KiMoDo on RX 7800 XT: Text-to-3D-Motion Generation on ROCm

specializedintermediate3GB+ VRAMJun 19, 2026

This intermediate recipe sets up KiMoDo on the RX 7800 XT, needing about 3 GB of VRAM.

models
tools
prerequisites
  • AMD Radeon RX 7800 XT (16 GB VRAM, RDNA3 / Navi 32 / gfx1101) or equivalent ROCm-supported card
  • Linux (Ubuntu 24.04 / 22.04 or RHEL) with the AMD ROCm stack installed — this is a ROCm recipe, not CUDA
  • Python 3.10 (per official installation docs)
  • PyTorch 2.0+ built for ROCm (install from the ROCm wheel index, NOT a CUDA cuXXX wheel — see below)
  • HuggingFace account with approved access to meta-llama/Meta-Llama-3-8B-Instruct (gated)

What You'll Build

A local text-to-3D-motion pipeline using NVIDIA's KiMoDo (Kinematic Motion Diffusion) on a 16 GB Radeon RX 7800 XT (RDNA3, Navi 32, gfx1101) through the ROCm stack. You type a prompt like "a person walks forward" and get back a 3D skeletal animation — joint rotations and root translations — saved as .npz (and optionally .bvh for direct import into Blender/Maya/MotionBuilder). KiMoDo is a small 282M-parameter (0.3B) diffusion model that is pure PyTorch — there is no custom CUDA kernel, no compiled rasterizer, and no FlashAttention dependency anywhere in its generation or rendering path, which is exactly why it runs cleanly on AMD ROCm. This recipe covers both the official CLI (kimodo_gen / kimodo_demo) and the community ComfyUI plugin.

Hardware data: RX 7800 XT (16 GB VRAM) · KiMoDo (282M text-to-3D-motion diffusion + Llama-3-8B text encoder) · BF16 on ROCm · See benchmark data

⚠️ This is a ROCm recipe, not CUDA. The RX 7800 XT runs on AMD's ROCm/HIP stack — there is no cu124/cu128 wheel, no FlashAttention-2/3, no FP8/FP4 path, and nothing to compile. KiMoDo is plain PyTorch, so the only stack change versus the NVIDIA build is the PyTorch wheel: install the ROCm build instead of a CUDA one. RDNA3 has no FP8/FP4 hardware (its WMMA units accept FP16, BF16, INT8, INT4 only), so this model runs in its native BF16/FP16 precision. If a guide tells you to pick a cu12x wheel, install flash-attn, or use an FP8 checkpoint for this card, it's written for the wrong vendor.

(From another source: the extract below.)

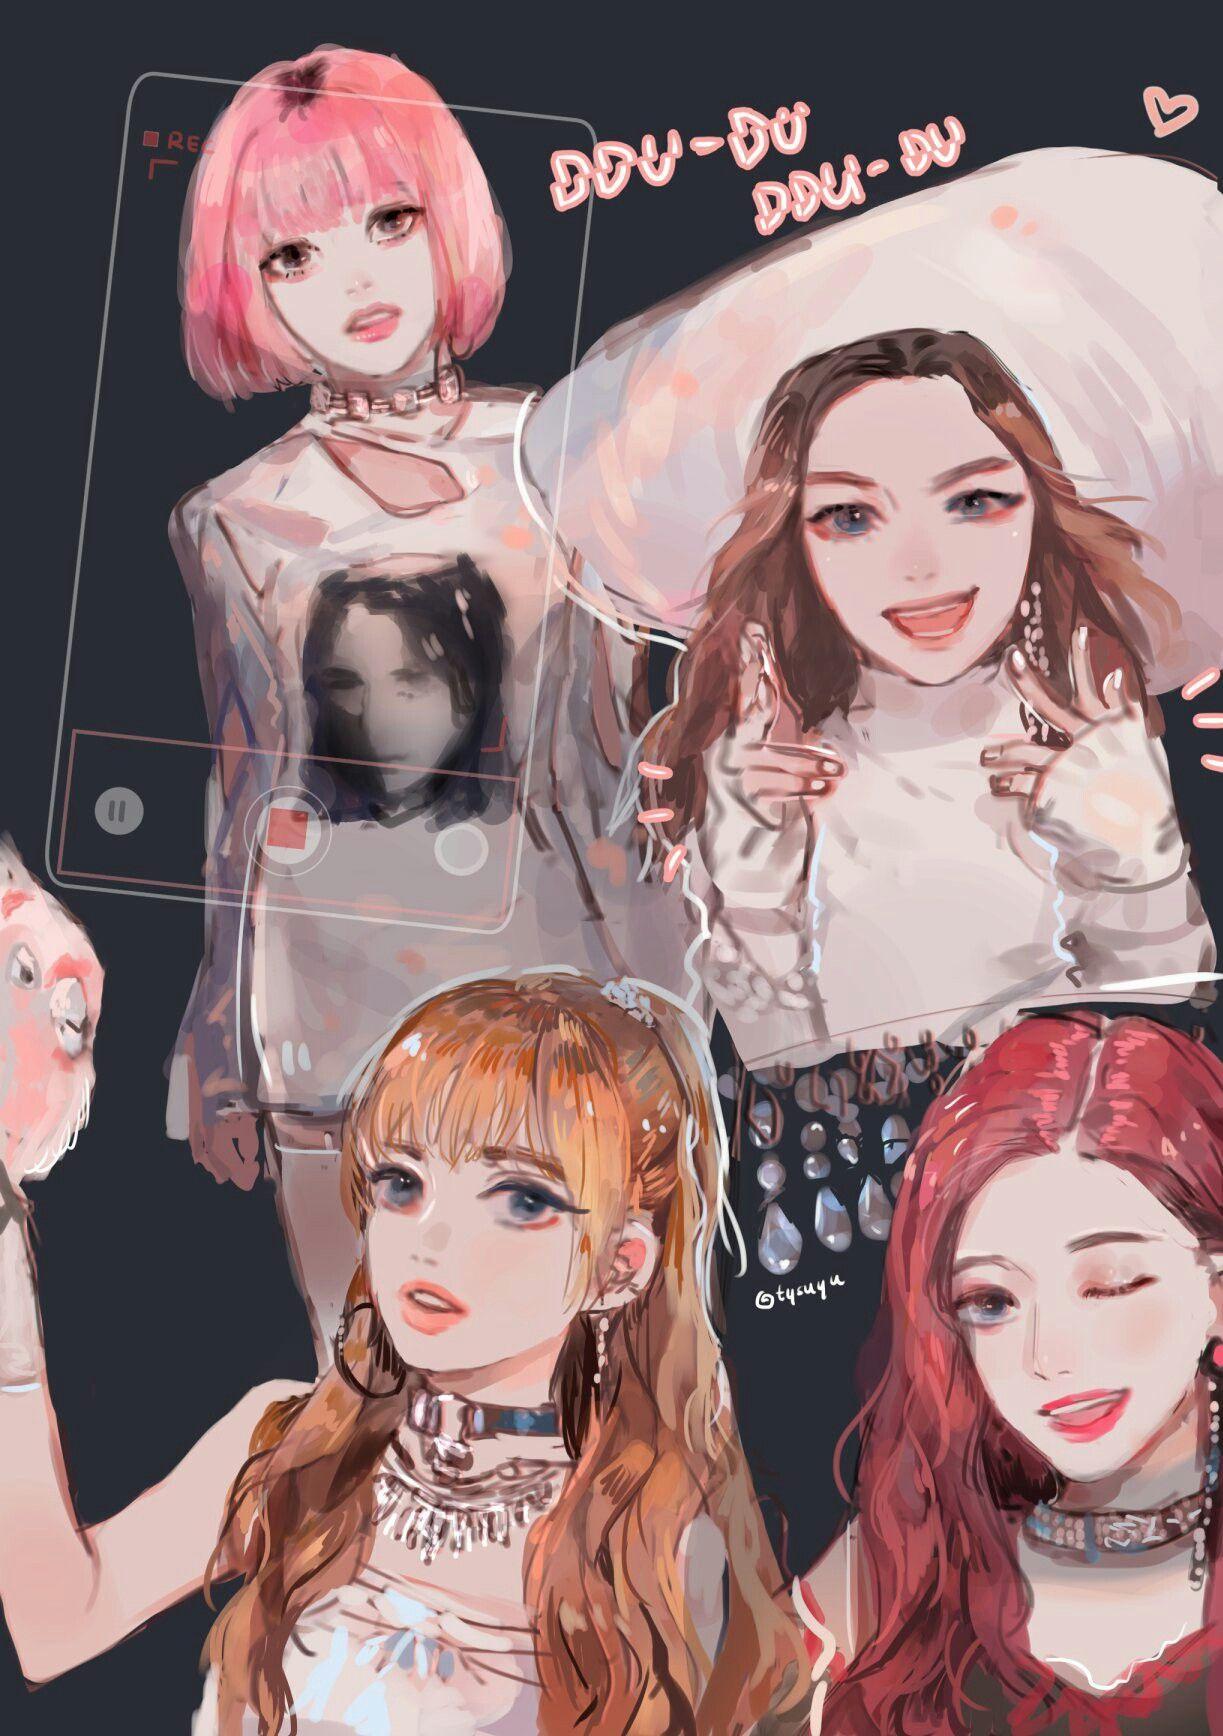 blackpink anime kpop pink pop fan kill jennie wallpapers fanart dessin manga killthislove lockscreen homescreen tto lisa rose korean chibi

ℹ️ Not a roleplay / language model. Despite the -RP in the checkpoint name and the nvidia org, KiMoDo is a motion-generation model: text in, a 3D skeleton animation out. "SOMA" / "RP" here refer to the skeleton-and-retarget variant family, not chat or roleplay. The model is in our specialized vertical; its only language component is the frozen Llama-3-8B used (via LLM2Vec) as a text encoder — it never generates text.

Note: as of this writing the backend has no measured benchmarks for this pair (/check/kimodo/rx-7800-xt returns unknown). The VRAM figures below come from the canonical Kimodo GitHub README and a maintainer comment on Issue #27; treat them as the published baseline and report your own numbers via /contribute.

Requirements

ComponentMinimumTested
GPUROCm-supported AMD card with ≥3 GB free VRAM (with CPU text encoder)RX 7800 XT (16 GB) — pair not yet benchmarked, see /check/
VRAM (with TEXT_ENCODER_DEVICE=cpu)<3 GB (canonical README; maintainer-confirmed in Issue #27)
RAM16 GB+ (Llama-3-8B sits on the CPU when offloaded; budget ~16 GB for it plus headroom)
Storage~16 GB (Llama-3-8B weights ~15 GB + KiMoDo checkpoint ~1.13 GB)
DriverAMD ROCm on Linux (Ubuntu 24.04 / 22.04 or RHEL)
SoftwarePython 3.10, PyTorch 2.0+ built for ROCm (installation docs)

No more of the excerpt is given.